Discussion in 'iOS Programming' started by Zelda, Aug 12, 2014.

  1. Zelda macrumors member

    Aug 10, 2014
    I am having an issue with this method.
    - initWithIn:(NSString *)inFile out:(NSString *)outFile{
    	self = [super init];
    	lastChord = nil;
    	DELTA = 256;
    	deltaDivide = 4;
        inData= [[NSFileHandle fileHandleForReadingAtPath:inFile]availableData] ;
    //[COLOR="Blue"]First problem above line is[/COLOR]: [COLOR="Red"]ARC Restrictions implicit conversion of an Objective c pointer to 'char*' is disallowed.[/COLOR]
          inLength = [inData length]);//2nd issue [COLOR="red"]Bad receiver type 'char*'[/COLOR]
          inData = [inData bytes];//3rd issue [COLOR="red"]Bad receiver type 'char*'[/COLOR]
    	pos = 0;
    	self->outFile = outFile;
    	track = [[NSMutableData alloc] init];
    	contents = [[NSMutableData alloc] init];
    	volume = 100;
    	return self;
    the header for this is:
    #import <UIKit/UIKit.h>
    @interface MidiViewController : UIViewController{
       char *inData;
    NSInteger inLength, pos;
    NSString *outFile;
    NSMutableData *track, *contents;
    NSString *lastChord;
    int DELTA, deltaDivide;
    int stepOffset, lastOffset;
    int volume, lastVolume;
    - initWithIn:(NSString *)inFile out:(NSString *)outFile;
    - (void) writeFile;
    - (void) buildTrack;
    - (void) writeVarTime:(int)value;
    - (void) writeChord:(NSString *)chord atDelta:(int)delta;
    - (void) closeLastChord:(int)delta;
    - (void) appendNote:(int)note state:(BOOL)on;
    Using iOS 7.1 sdk and xcode 5.1
    Any help is appreciated.
  2. chown33 macrumors 604

    Aug 9, 2009
    This code:
    @interface MidiViewController : UIViewController{
       char *inData;
    needs to be changed to this:
    @interface MidiViewController : UIViewController{
       NSFileHandle *inData;
  3. Zelda thread starter macrumors member

    Aug 10, 2014
     [COLOR="blue"]inData[/COLOR]= [[NSFileHandle fileHandleForReadingAtPath:inFile][COLOR="Red"]availableData[/COLOR]] ;
    I made the change you suggested and still have an issue, availableData is NSSdata and is an incompatible pointer type to inData(NSFileHandle)

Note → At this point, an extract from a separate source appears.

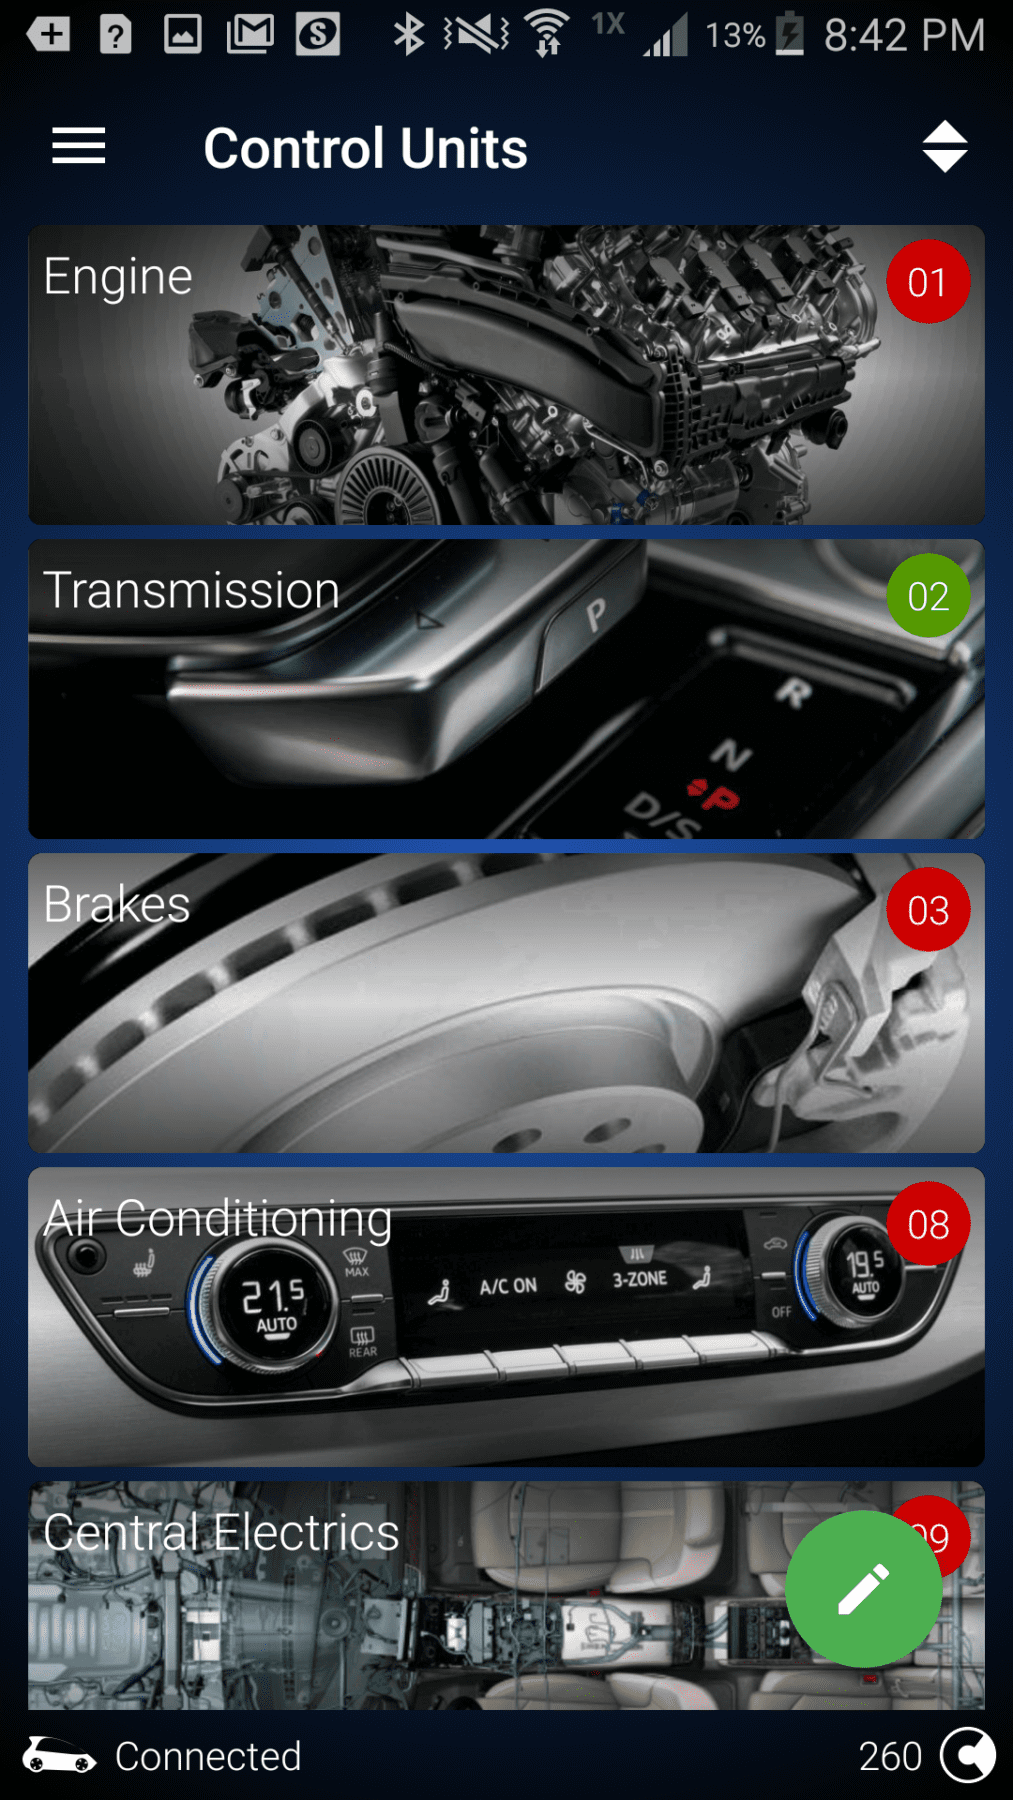 VW MK7.1 OBDEleven Control Units in app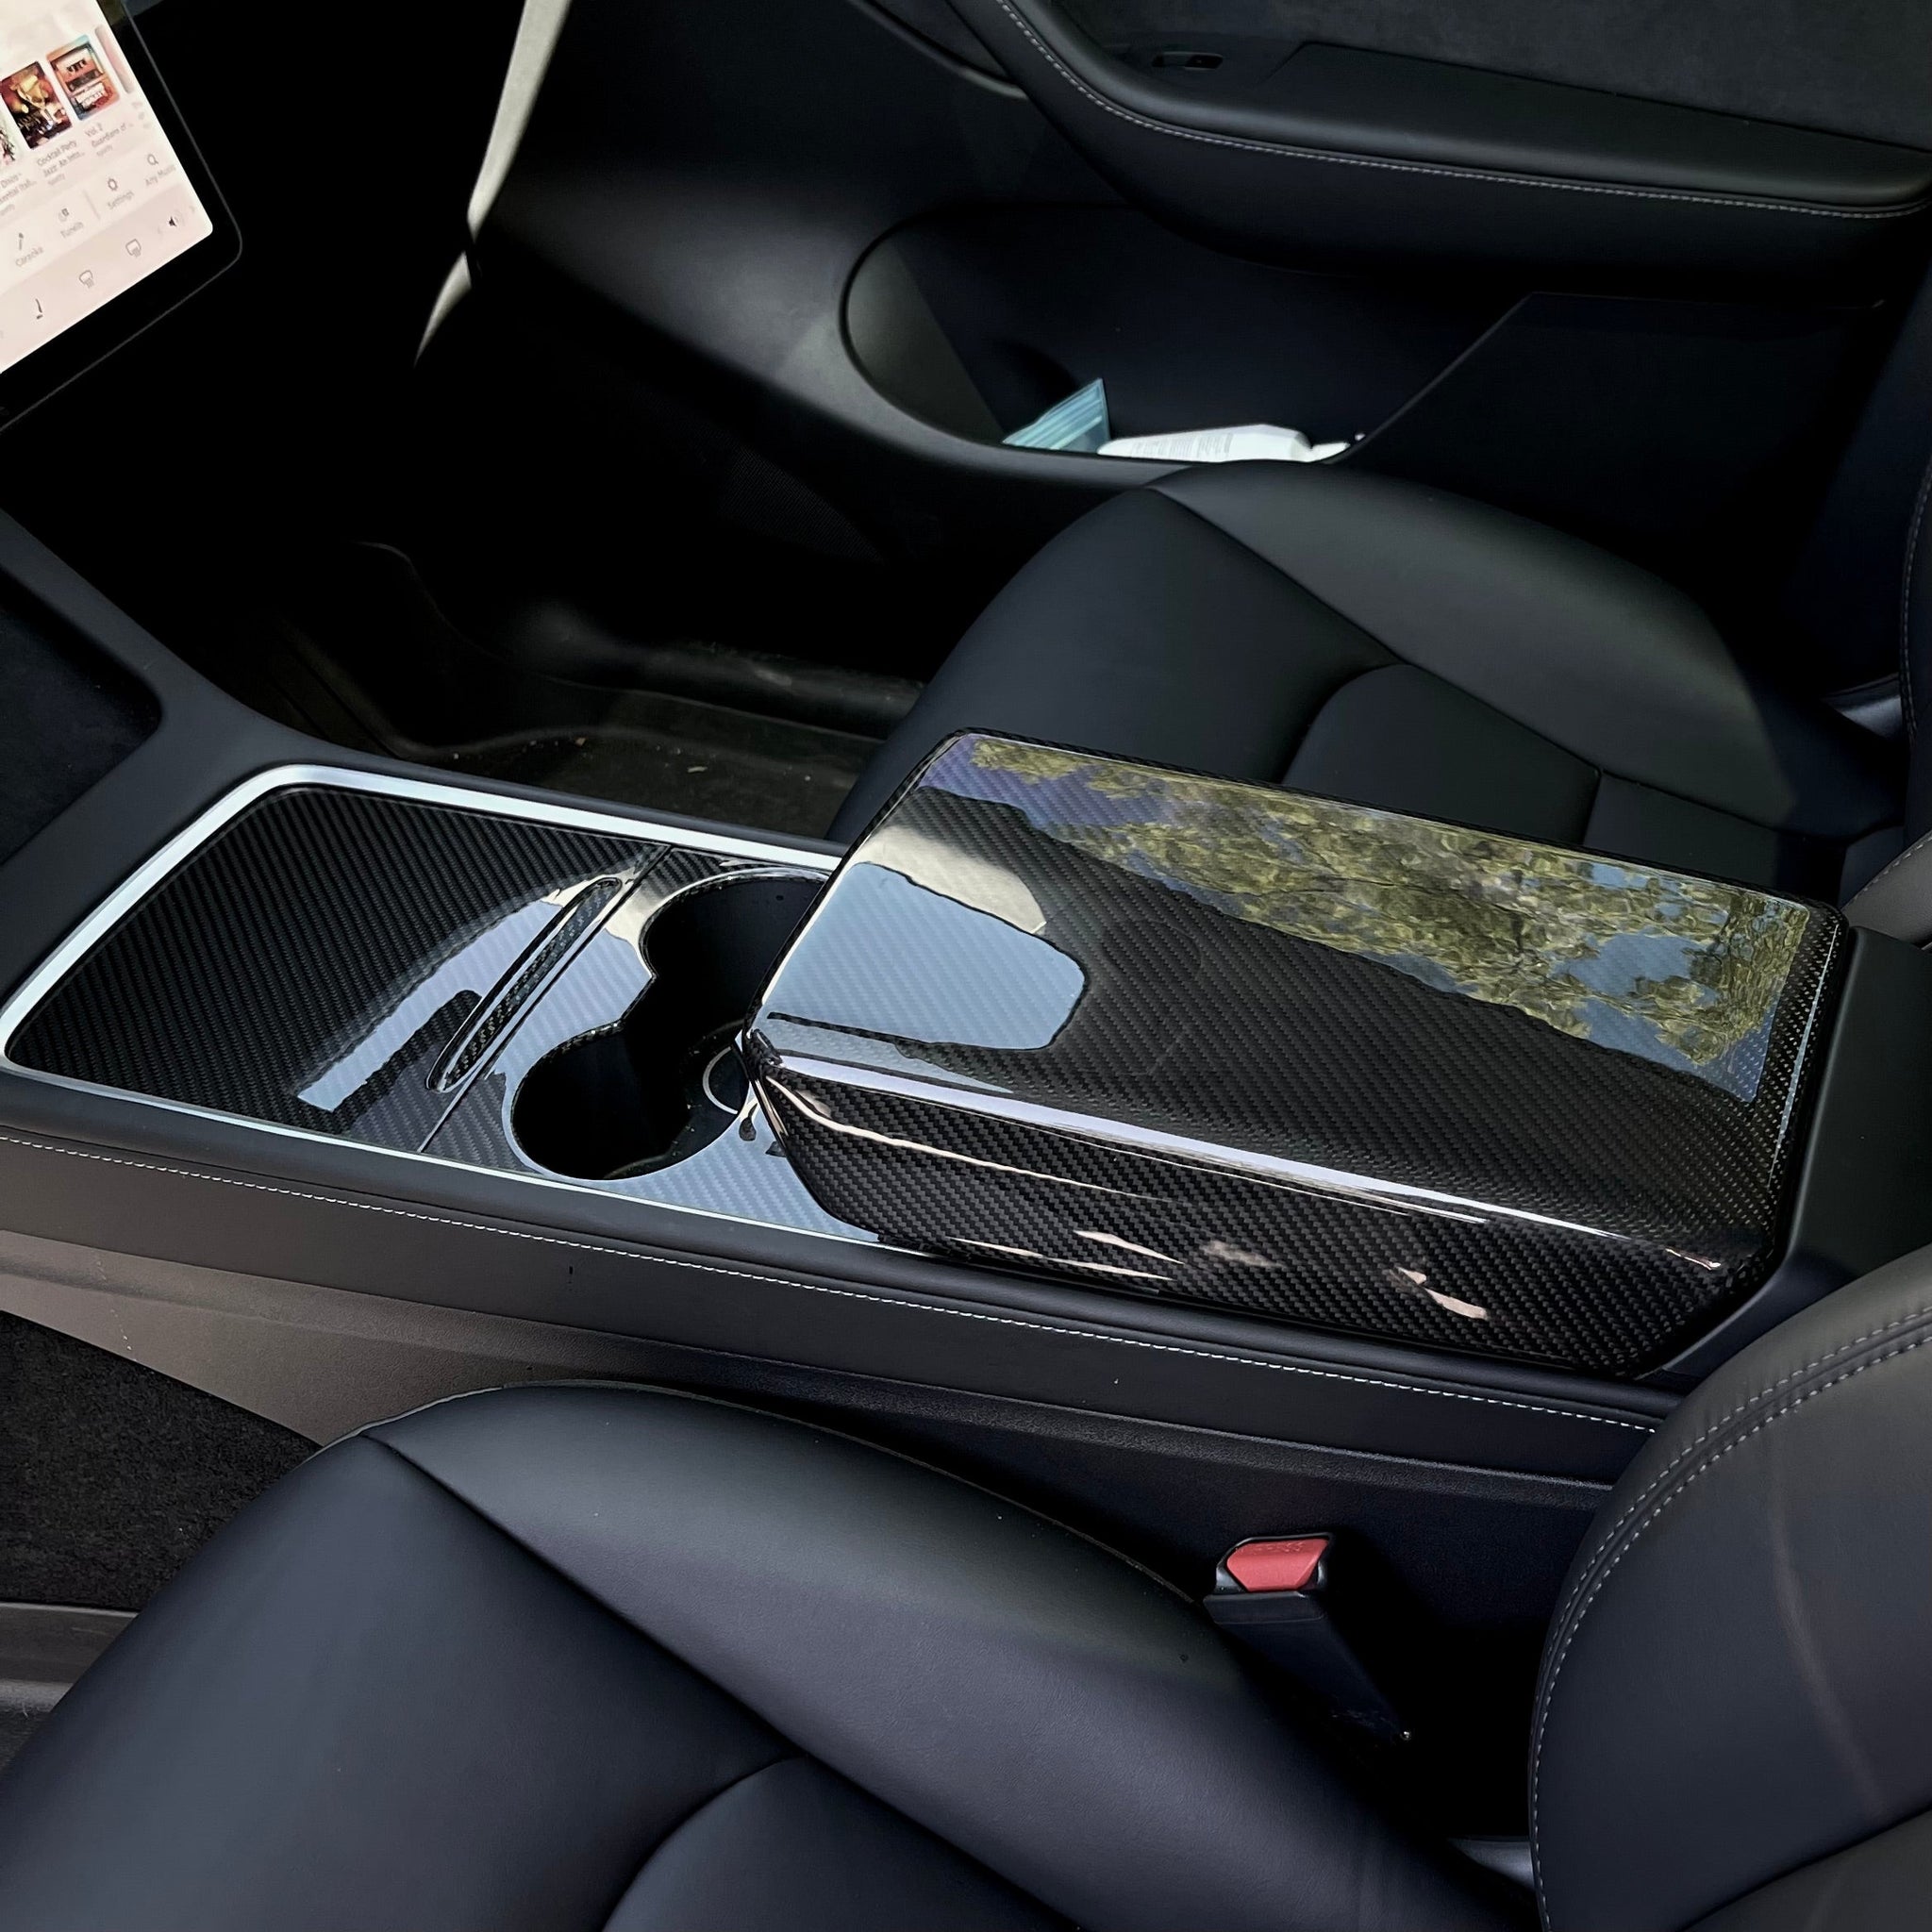 Model 3 / Y Armrest Cover - Carbon Fiber Interior Mods - Tesery Official Store

    The code i am working on was created in 2005 in Xcode 2 for cocoa, and the author of the code states that although there are error warnings it still compiles and runs.

    Thanks for the reply chown33
  4. chown33 macrumors 604

    Aug 9, 2009
    Sorry, I didn't look closely enough at the methods you were trying to use. Try this code:
       NSData *inData;
    You can look this up yourself in the online class reference for NSFileHandle, then looking up the availableData method to see its return type. To find the online class reference, google search terms:
    NSFileHandle class

    No programmer in their right mind would purposely declare a type of char * when an object pointer is clearly demanded. I can only assume the author of the code you posted is insane, or is purposely misdeclaring types for some insane reason. There's no rational reason to declare the type as char *.

    It would make more sense to declare the type of indata as id than to declare it as char *. That is, this makes more sense than char *:
    id inData
    It's still ignorant because an NSData * is clearly the correct type, but at least it's more sane than char *.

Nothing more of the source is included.